Remarks. As for all empirical studies, there are threats to validity that need to be addressed, the main ones in our case are:

  • Internal validity: Our experiment had the maturation threat because subjects may react differently as time passes (because of boredom or fatigue). We solved this threat by dividing the experiment into different questions per model. Next this threat, we made sure there could be no interaction between the students of different sessions.

  • Construct validity: Our experiment was threatened by the hypothesis guessing threat because students might figure out what the purpose of the study is, which could affect their guesses. We minimized this threat by hiding the goal of the experiment. Since the R-squared values were not very high, it might also be interesting to include the time spent on the questions and the grades of the final exam of the students to explain the score through the capabilities to learn and think logically in general.

  • External validity: Our experiment might suffer from interaction of selection and treatment: the subject population is limited to students. Although the number of subjects is quite high and their profiles balanced, we can only generalize the results to students. The subjects might not be representative to generalize the results to professional modelers as well. It is, e.g., not possible to claim that the tool can help or improve Declare modeling efforts of more experienced users.

6 Related Work

Declare, introduced as DecSerFlow and ConDec in [15, 16], has become one of the most widely-used declarative process languages in research. Some competing approaches exist such as DCR Graphs [17], which are comparable to a slimmed-down version of Declare for improving understandability and setup, and the more data-oriented language Guard-Stage-Milestone [18].

Declare and its understandability has been researched for a test case-driven approach [4], the impact of hierarchies [1], and its common understandability challenges [2]. While these works clearly state the presence of hidden dependencies, with [2] explicitly mentioning this as a common pitfall for understandability, they have not provided a way to capture them. This work continues on the preliminary approach for retrieving hidden dependencies of [19].

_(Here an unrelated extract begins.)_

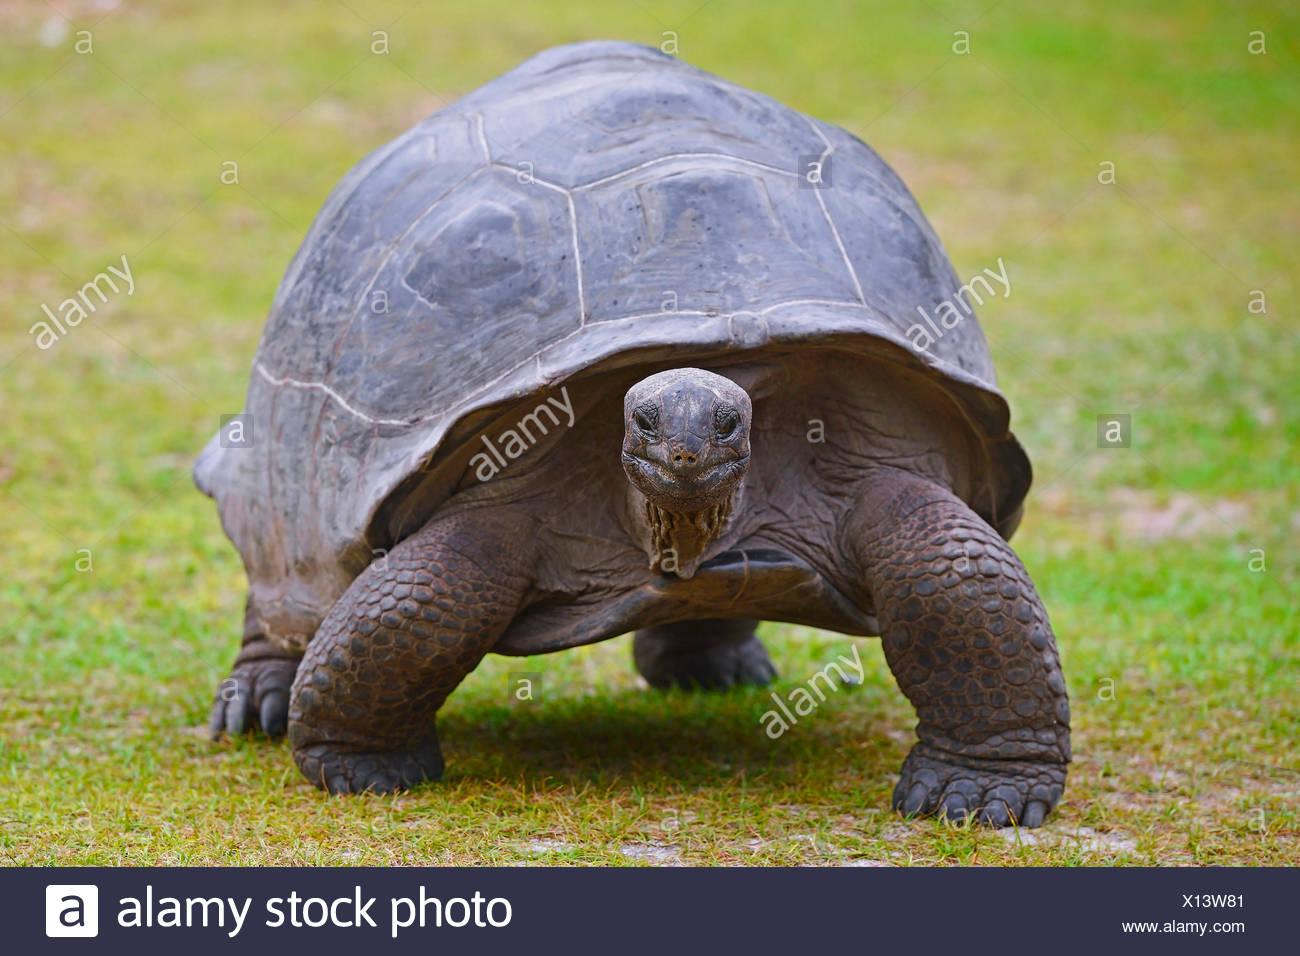 Seychelles giant tortoise, Aldabran giant tortoise, Aldabra giant tortoise (Aldabrachelys gigantea, Testudo gigantea, Geochelone gigantea, Megalochelys gigantea), walking in a meadow, front view, Seychelles, Curieuse - Stock Image
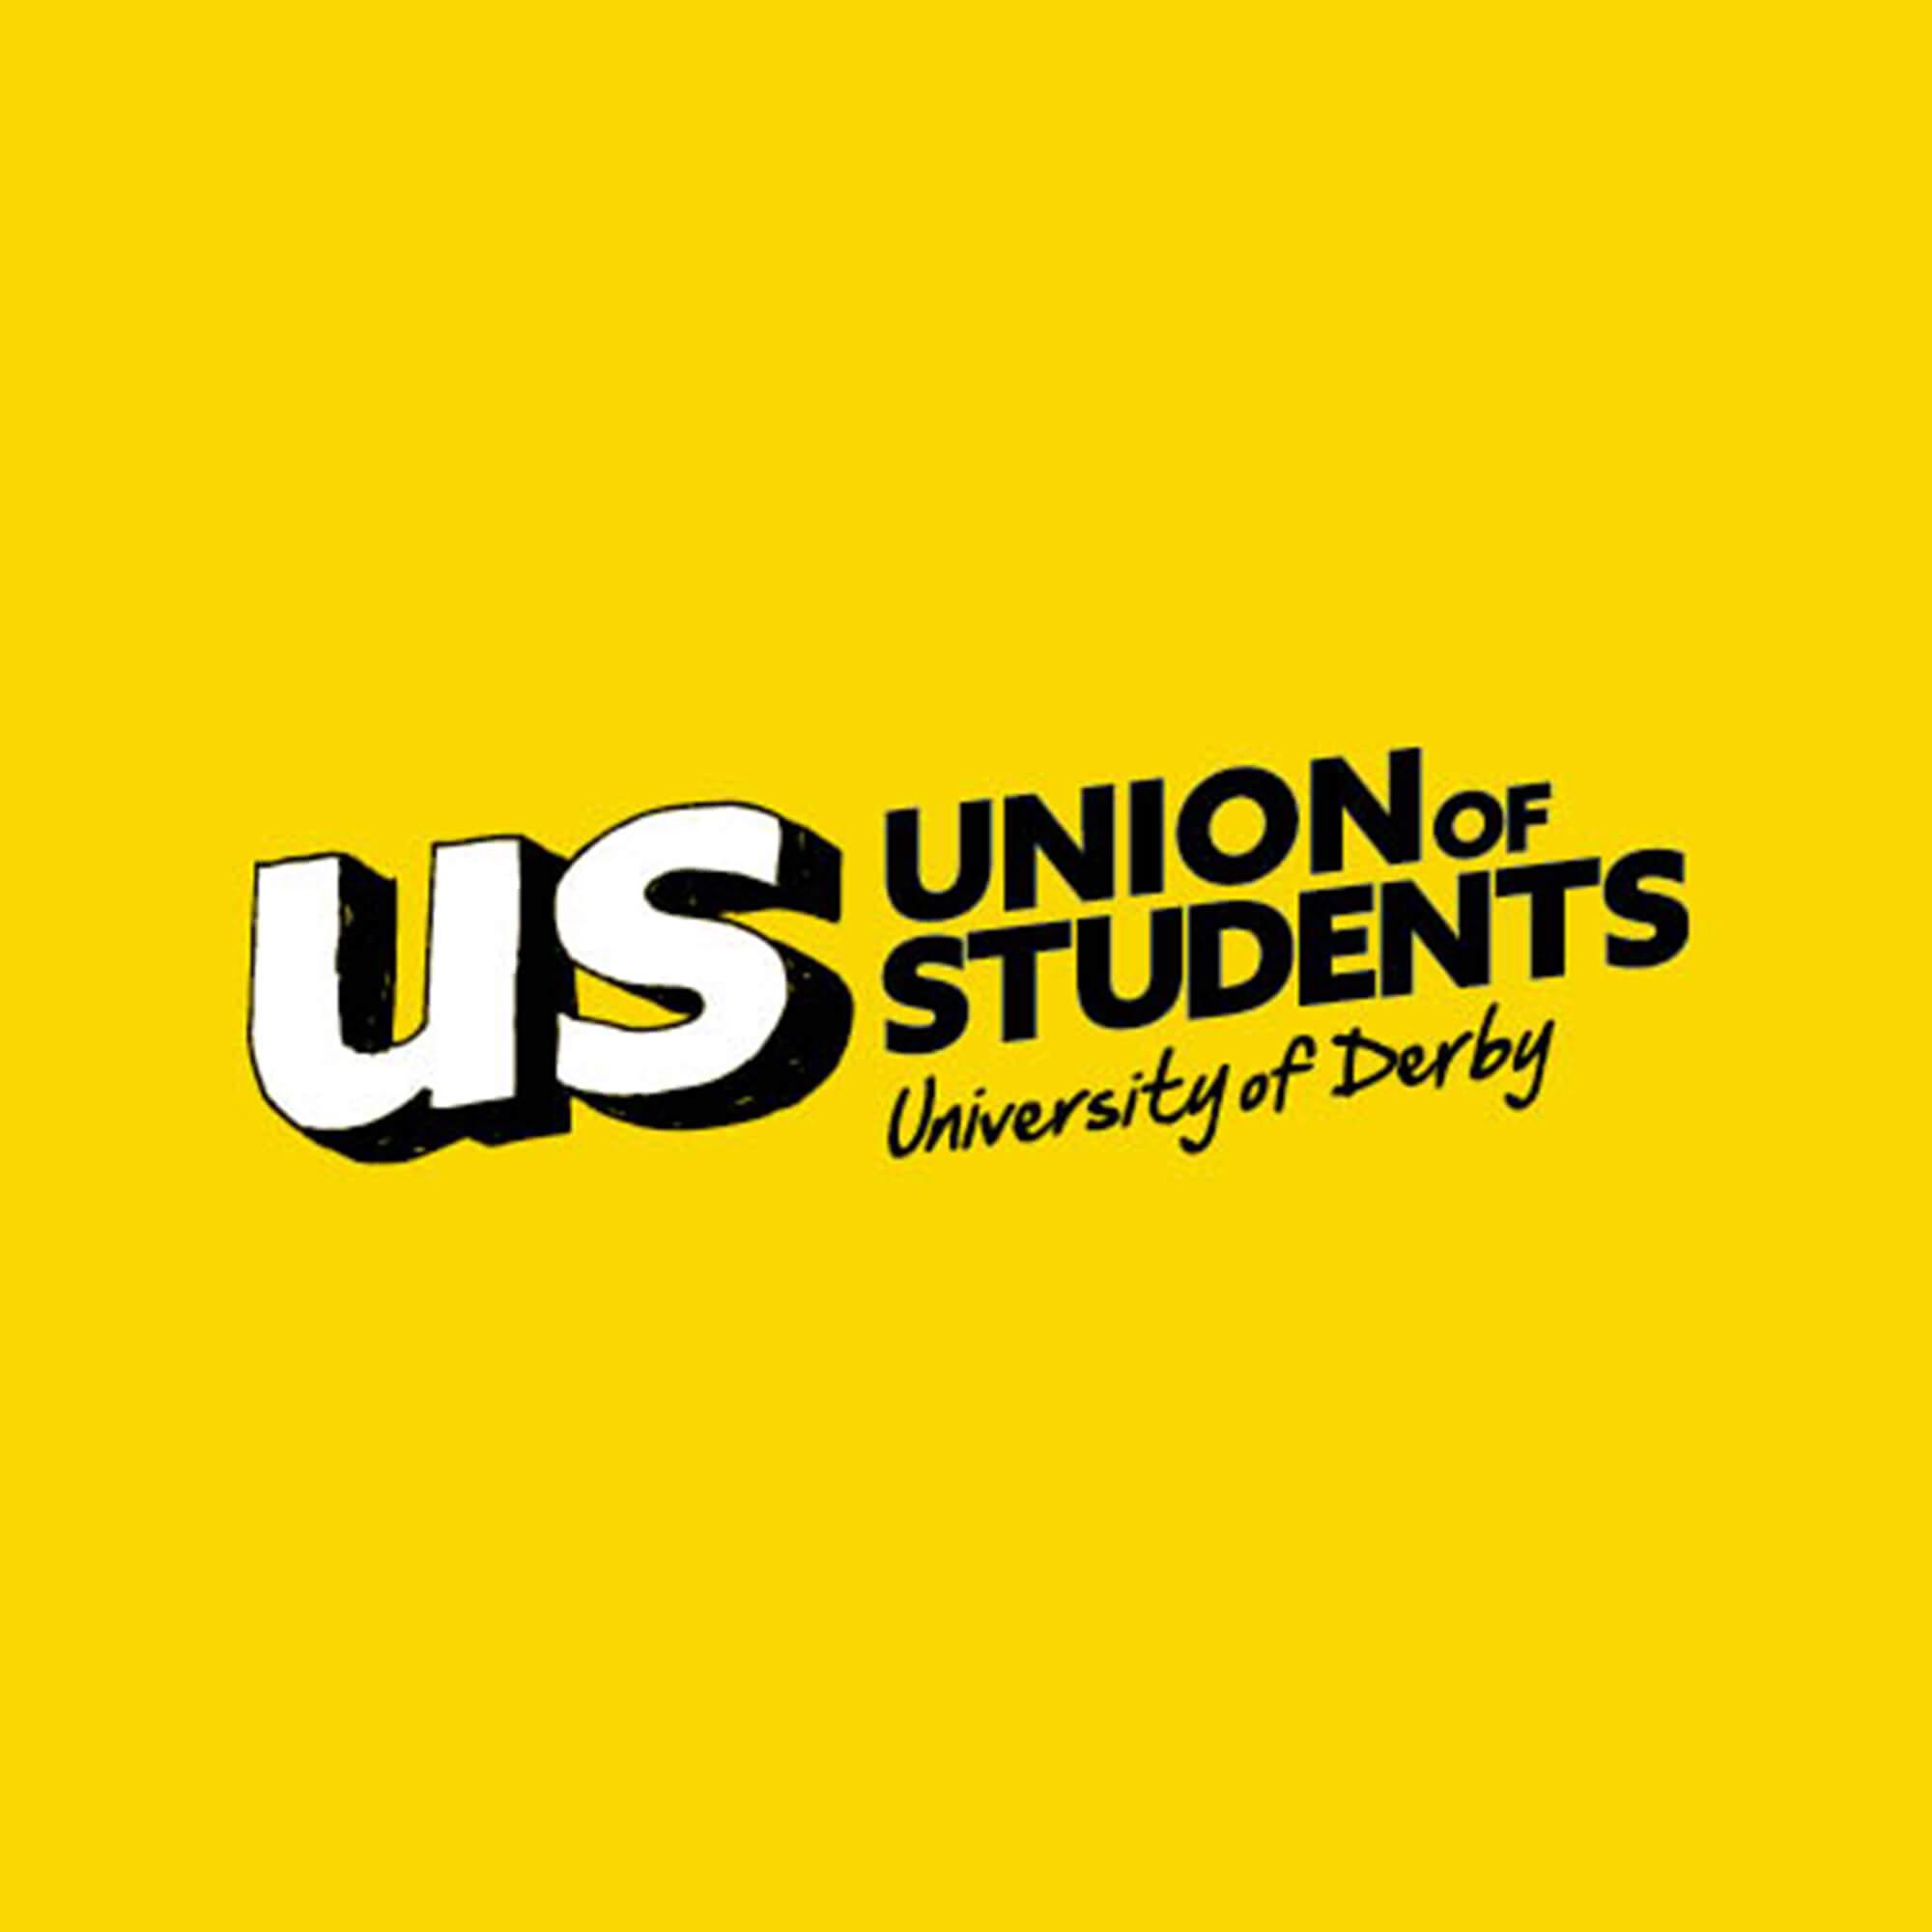 Union of Students logo

Many other works on Declare mining exist as well, which have led to a better understanding of the properties of the language. Most notably the hierarchy [9] and semantics [10, 20, 21] and the transitivity properties [22] have brought clarification as to how constraints behave in a model.

7 Conclusion and Future Work

This paper shows how to retrieve and use dependency structures and unary propagation in Declare models to increase understandability. It offers a theoretic aspect in explaining how to construct and interpret the relations of constraints and their hidden dependencies in ways that have not been proposed yet, and was validated on novice users in an experiment. This showed that explaining and visualizing hidden dependencies and constraint structures rendered users significantly better capable of understanding the models.

Future work includes analyzing the results further by using extra user statistics such as average grades, as well as including new observations from expert users. Next, it is also straightforward to extend these findings to n-ary constraints, which changes only the propagation and interpretation slightly. Furthermore, constructing the hidden dependencies has numerous other applications. By understanding in which way constraints are related, it becomes easier to grasp the complexity of conjoining the separate Declare constraints’ automata and hence it is possible to score the impact of different constraints on, e.g., the performance of calculating the global automaton of the whole model. Furthermore, these insights can be used to score a Declare model for simplicity., i.e., models which contain more hidden dependencies can be scored lower for this metric.